Stored data:
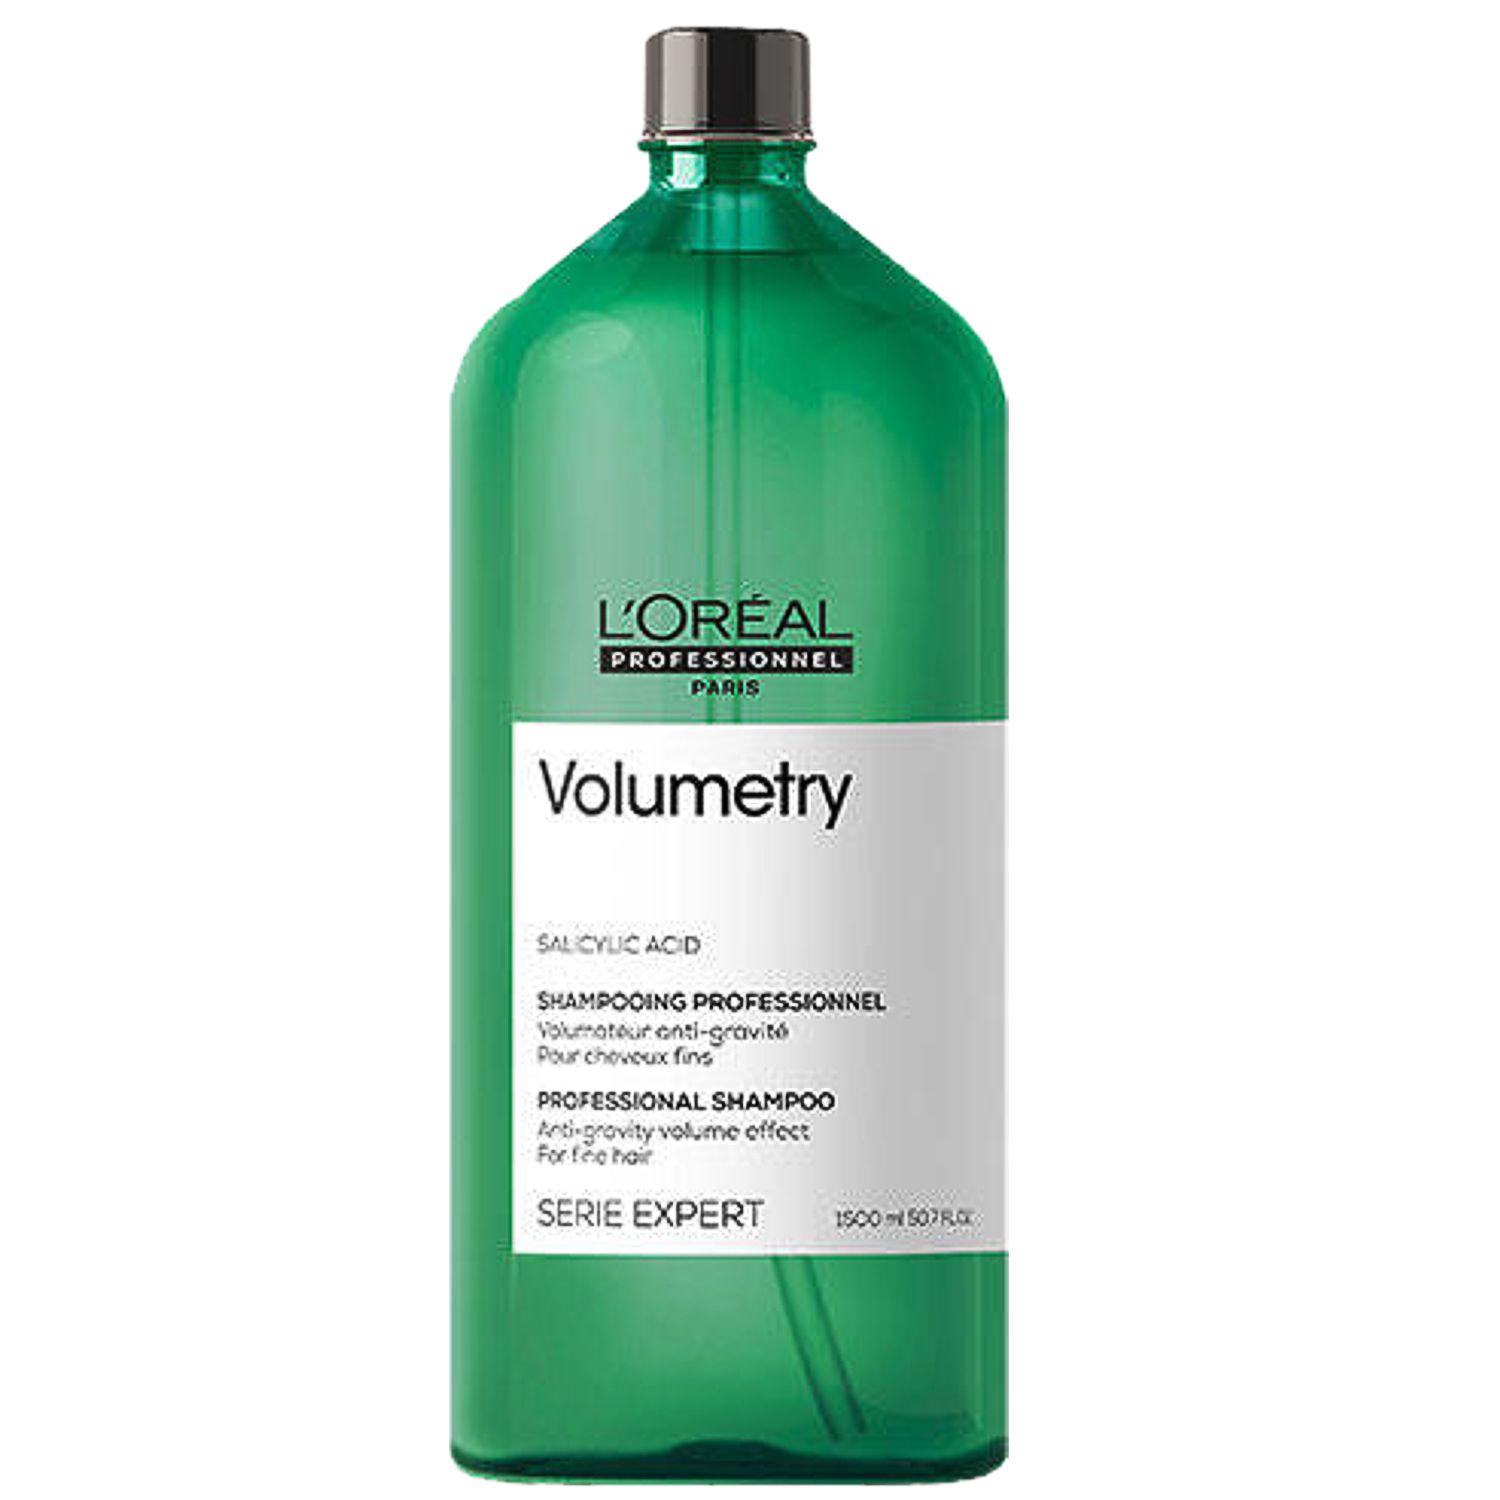 L'ORÉAL Expert VOLUMETRY Professional Shampoo 1,5 L
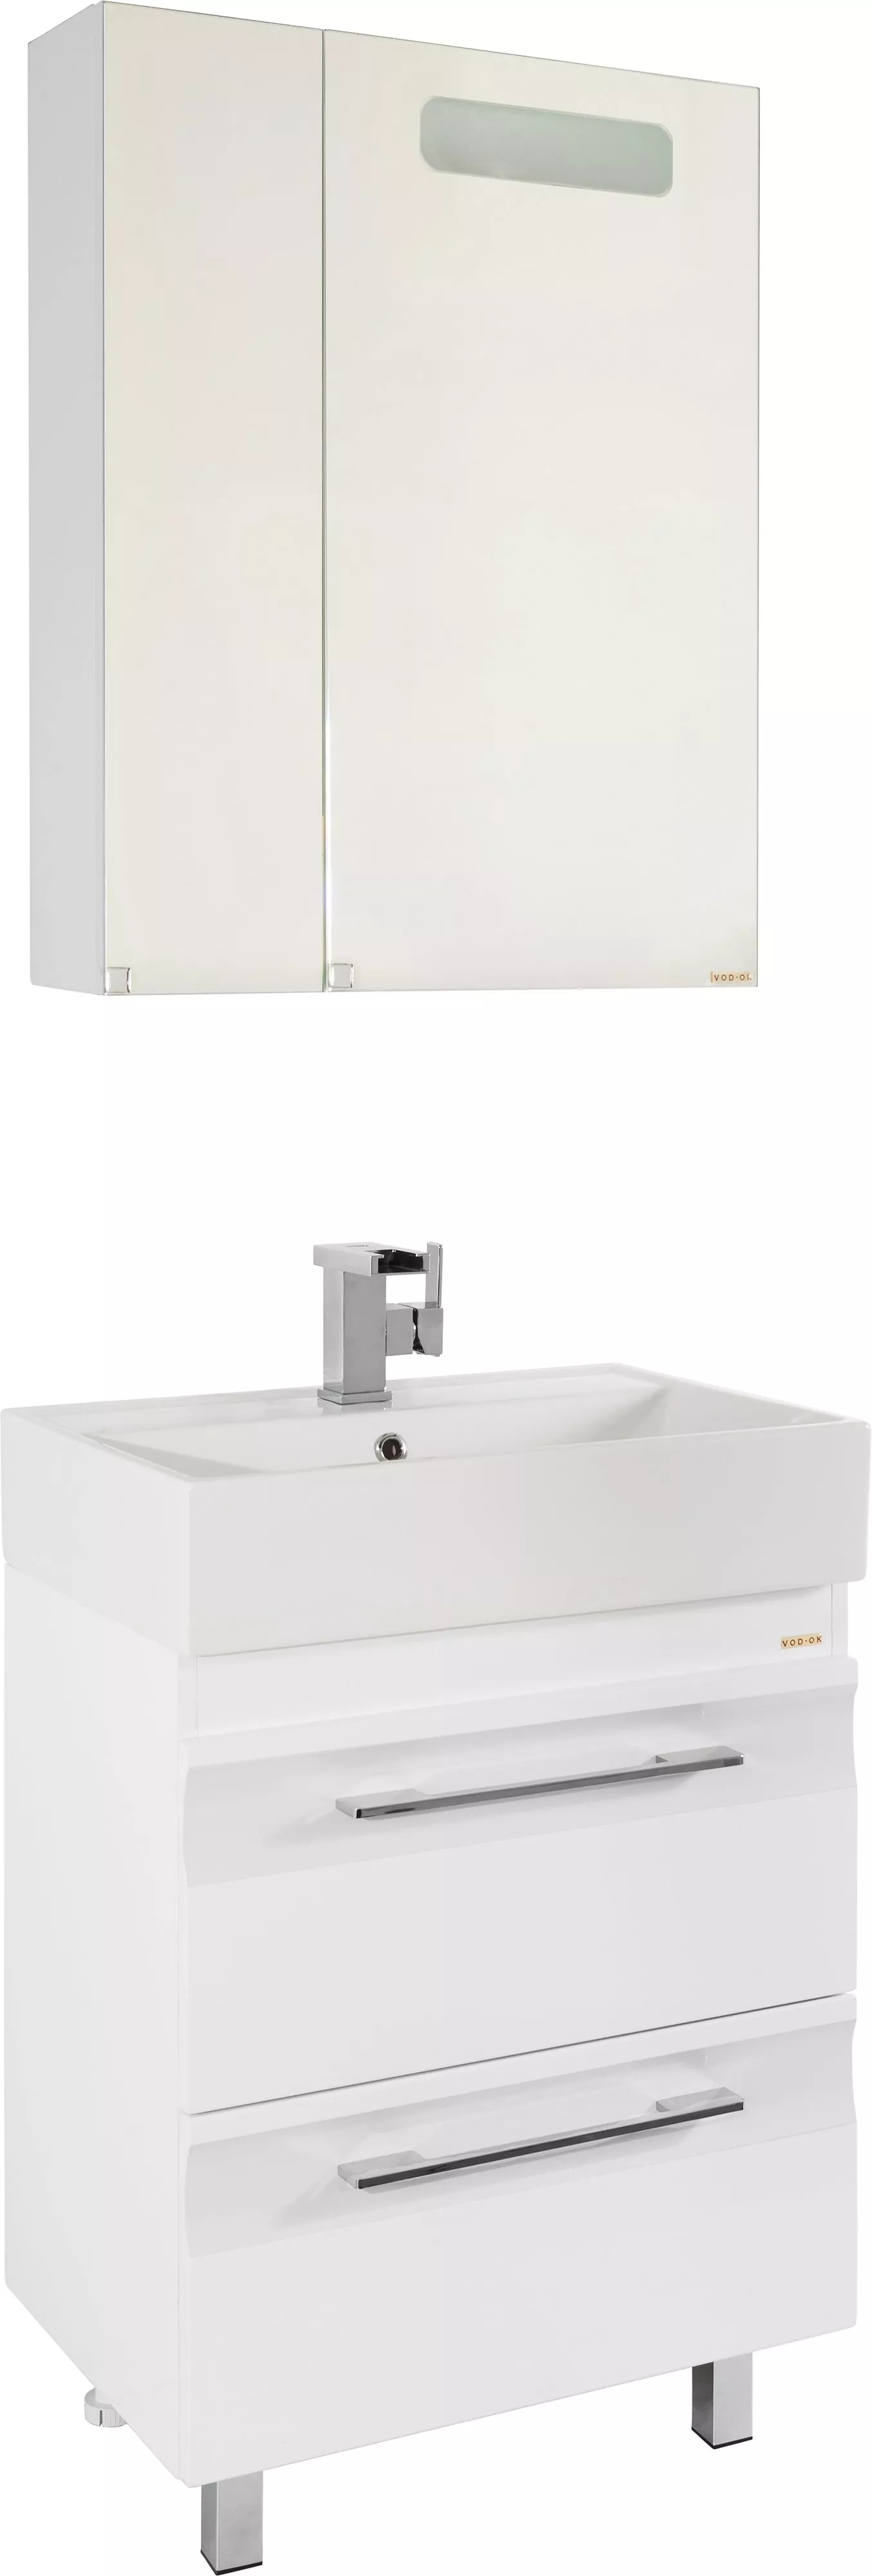 Мебель для ванной Vod-Ok Мальта 60 с ящиками, белая, размер 60, цвет белый - фото 1
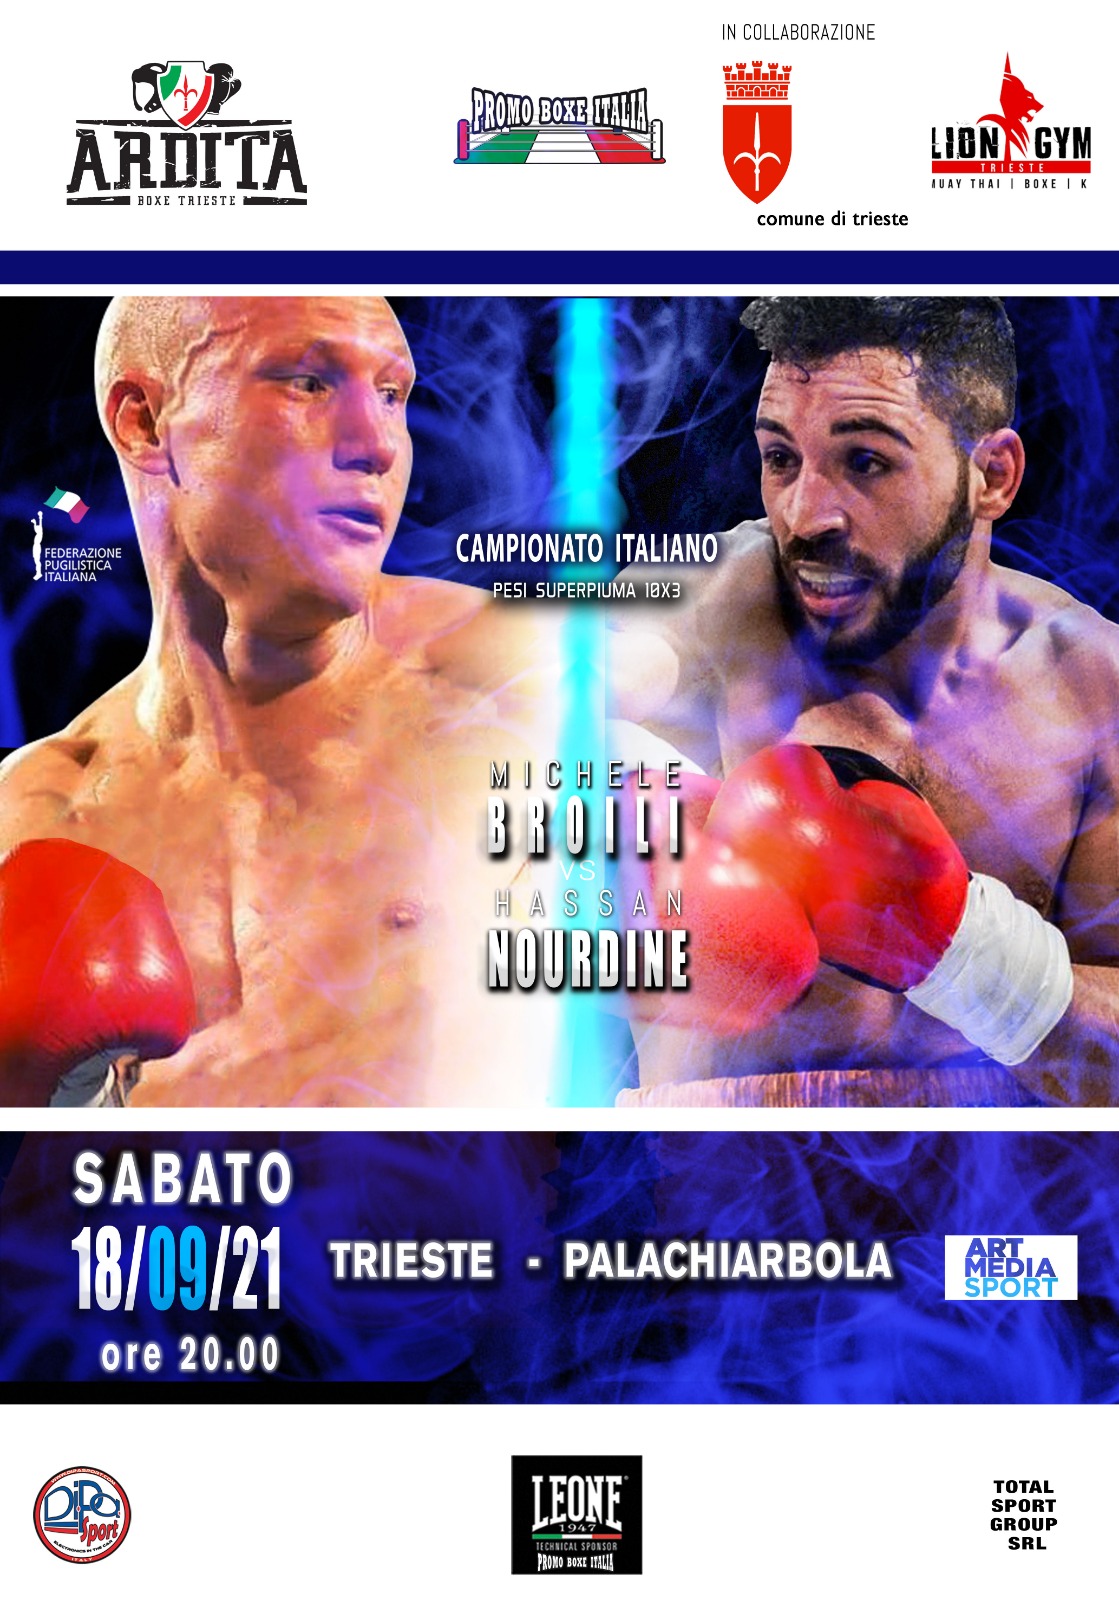 Il programma completo della grande serata PROMO Boxe Italia del 18 settembre a Trieste 
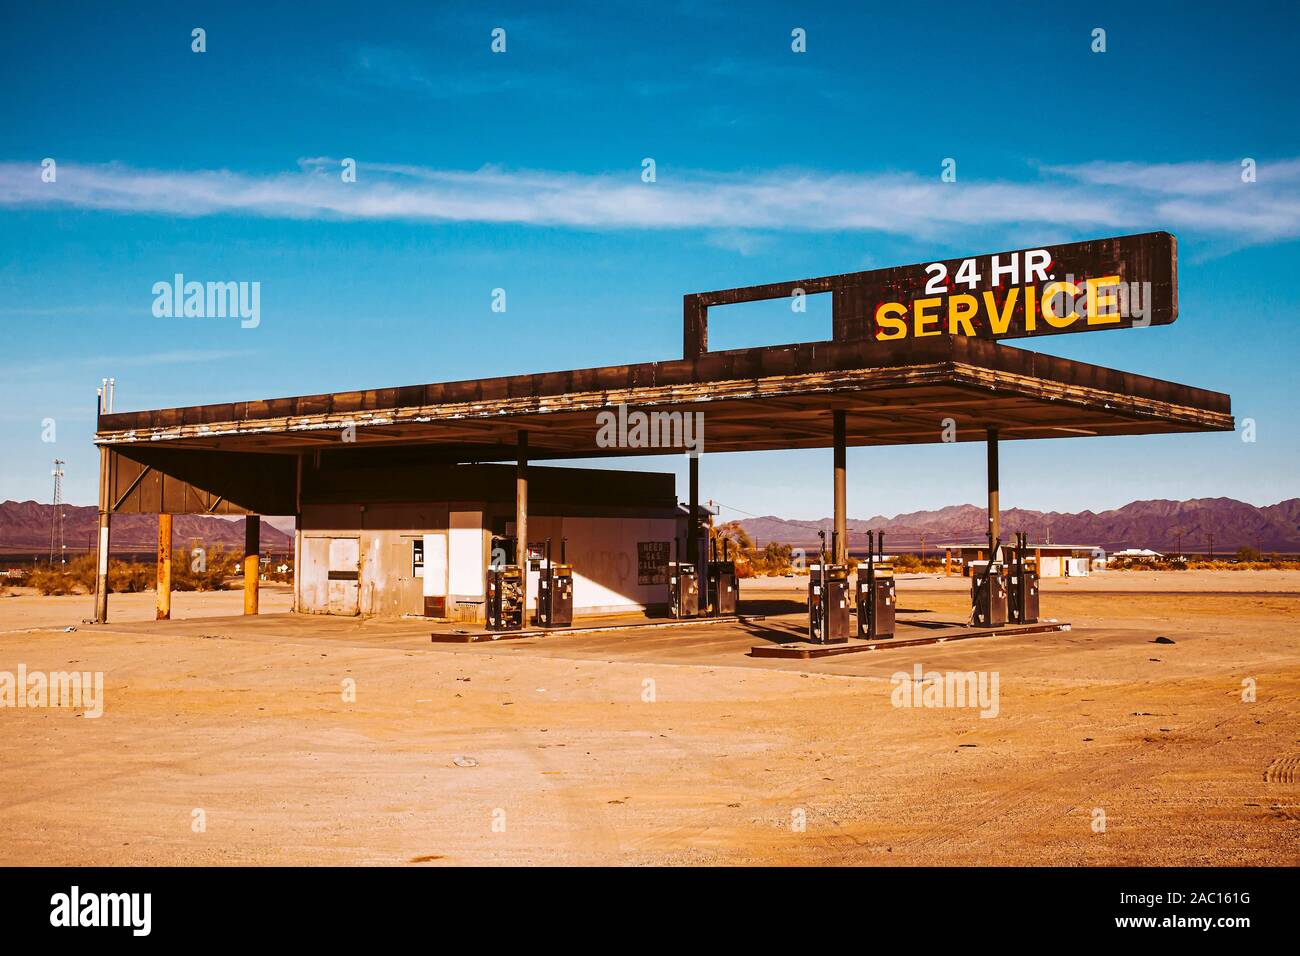 Abbandonata la stazione di gas con la lettura del segno "24 Ore di servizio" con look vintage nel deserto contro il cielo blu e nuvole,, Foto Stock

Assignment:
Nothing but the lines from the line with "Мебель для ванной" through the last line of the listing above should be repeated, and pictures should be left out.

Result for this task:
 Мебель для ванной Vod-Ok Мальта 60 с ящиками, белая, размер 60, цвет белый - фото 1
 Il programma completo della grande serata PROMO Boxe Italia del 18 settembre a Trieste 
 Abbandonata la stazione di gas con la lettura del segno "24 Ore di servizio" con look vintage nel deserto contro il cielo blu e nuvole,, Foto Stock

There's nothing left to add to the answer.